The first Software Carpentry (SWC) workshop run solo by COMBINE was held recently. We were quite pleased with how it went it, and feedback seems to agree.

Just how much agreement there is beween our opinion on how it went and the participant feedback could be a matter for debate, if it weren't for the excessive amount of feedback that we gathered.
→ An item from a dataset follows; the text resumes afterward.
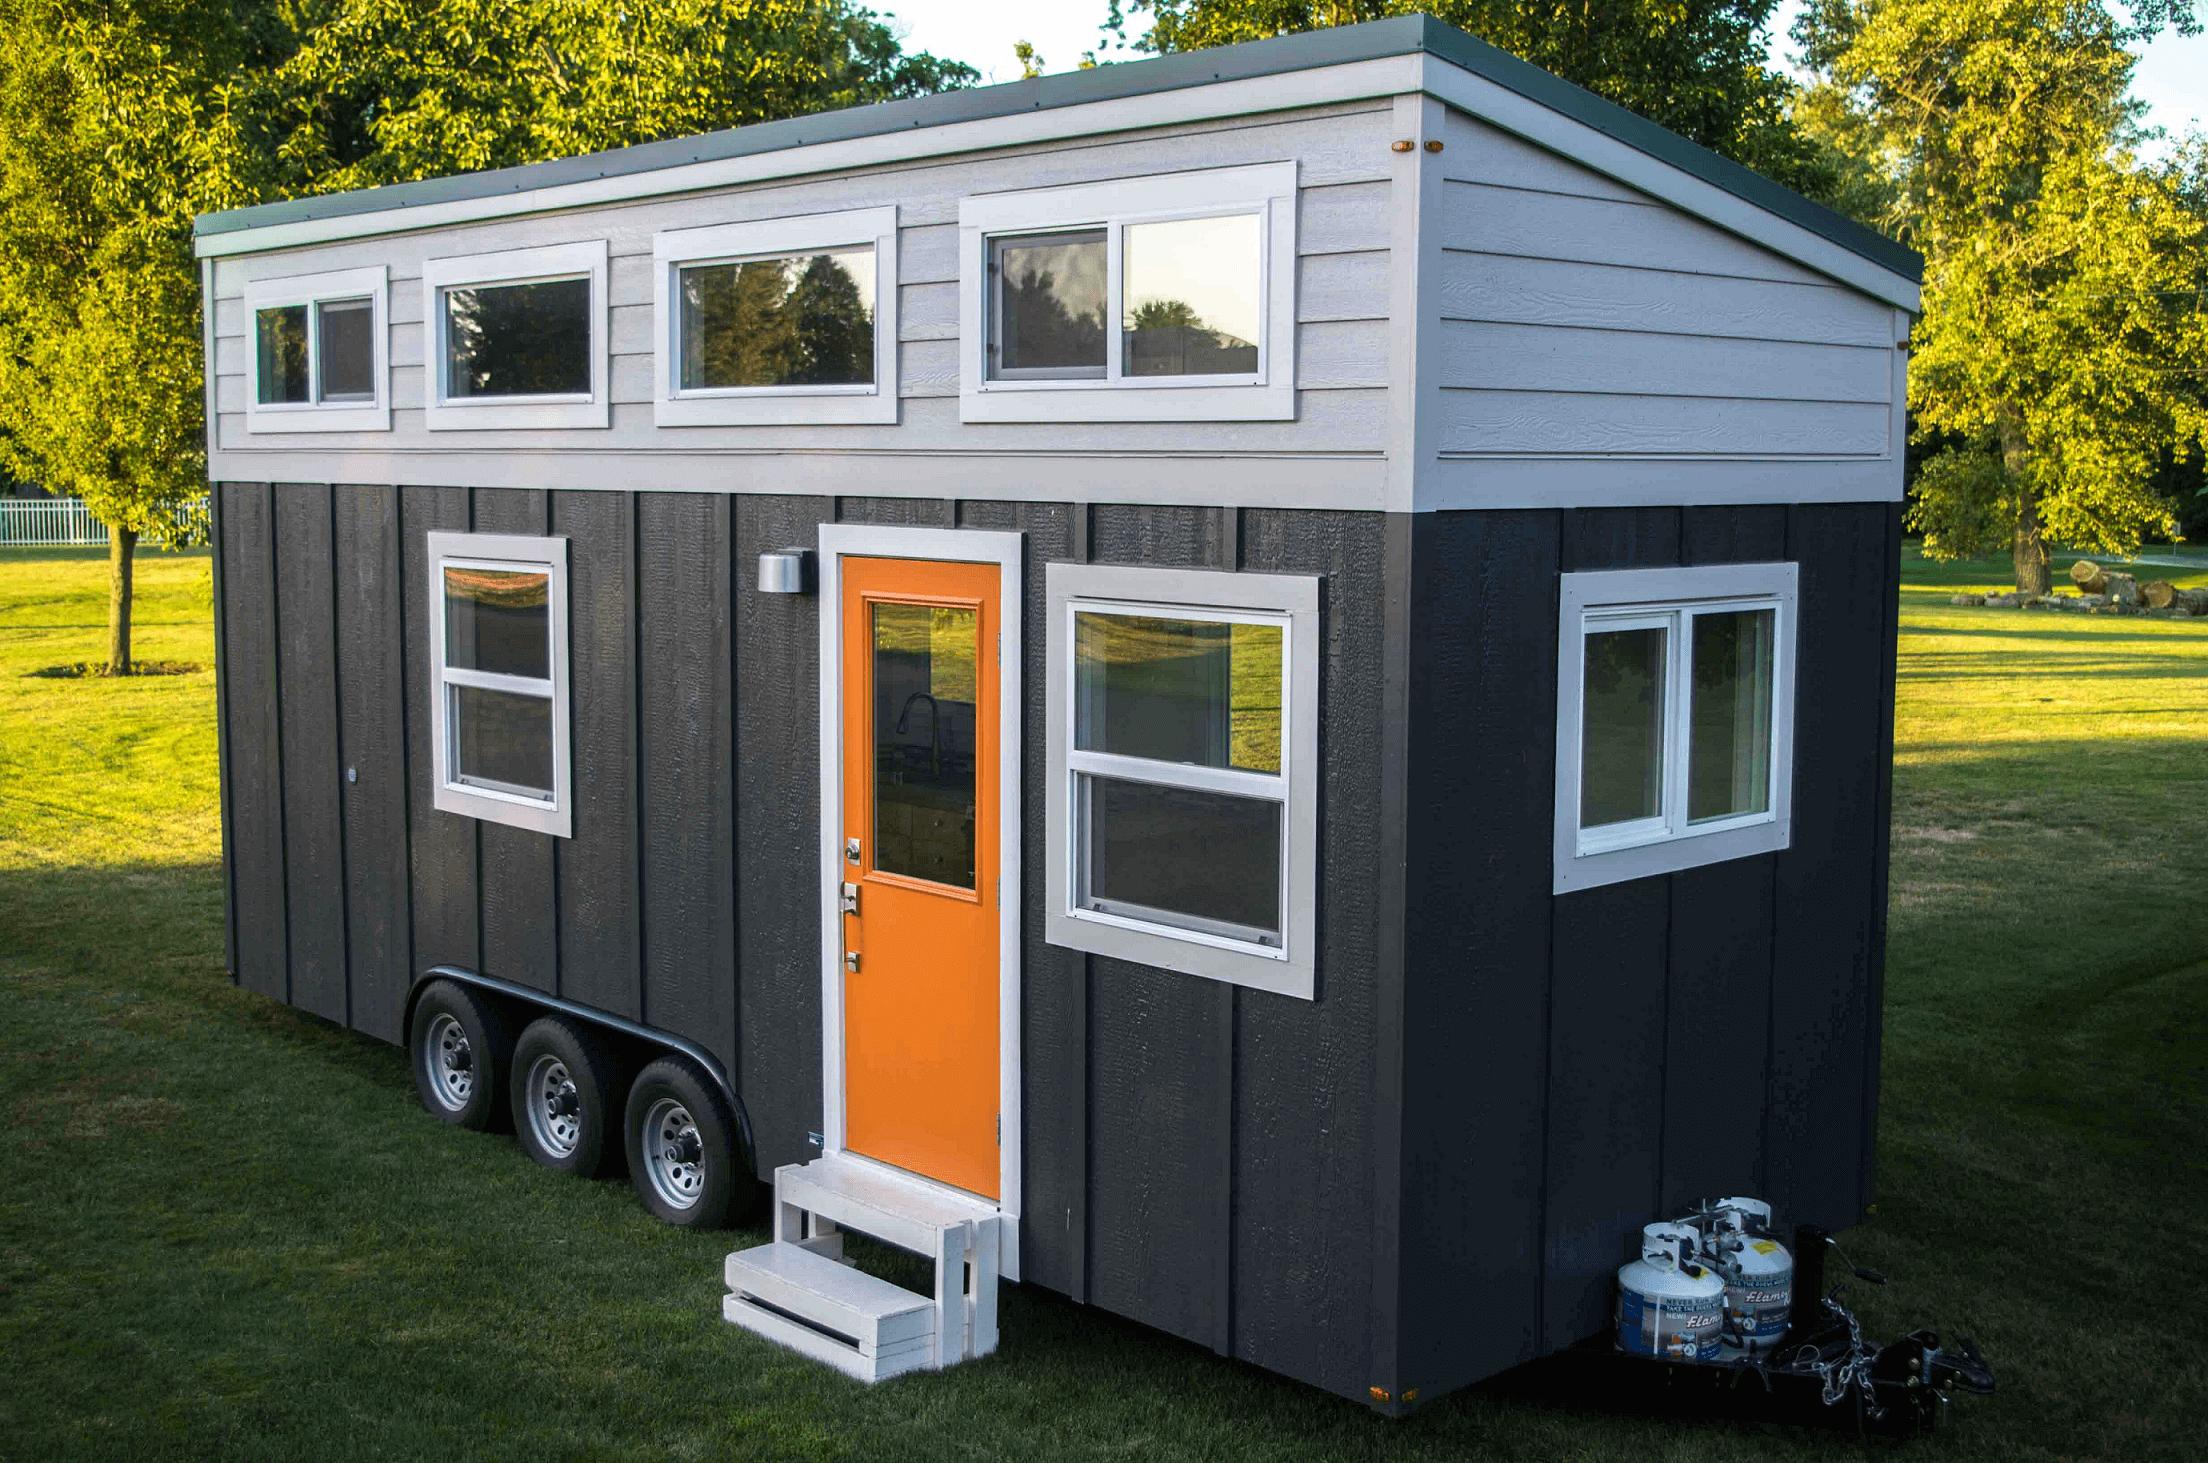 Simple tiny house one level design exterior

This SWC workshop was a direct result of Bill Mills recent trip to Australia. He taught a face to face instructor training course, and members of COMBINE from across Australian became instructors of Software Carpentry. It was little bit meta, learning how to be a SWC instructor during a SWC-style workshop, and sure enough, post it notes and the usual pedagogical techniques of short exercises and participant interactions were on show.

One thing that was new to me was a secondary use for the post it notes - requiring feedback on both things that went well during the day, and things that could be improved. After re-reading the Lessons Learned article by Greg Wilson afterwards, there is a similar usage mentioned as "minute cards", with post its collated during breaks to gauge things that have been learnt or found confusing.

We decided to use the same technique that Bill had, asking for both kinds of feedback at the end of each day, which led to some interesting outcomes.

It's raining feedback


At the end of day 1, we had approximately 60 notes, two post it notes per person. We quickly looked at them as a team at the end of the day, and devised a few corrective actions where appropriate.
I decided to look at them in detail that evening. I'd opened the workshop with the Unix shell and so had some clue that the feedback on these post it notes would likely contain some comments on my own teaching style. They did.
There were two main issues that I had:
  1. I learnt that my habit of using clear constantly to clean up my demonstration terminal was counter productive; workshop participants quickly got lost. When I paused, a blank screen behind me did nothing to reinforce points, or let students ponder what I had written in the terminal.
  2. I'd also had the brilliant idea before I taught the class to alter my PS1 environment variable to match the SWC course materials, so my command prompt was simply:
    $
In my head it made sense. Don't confuse the students Andrew, make sure the prompt matches the materials Andrew.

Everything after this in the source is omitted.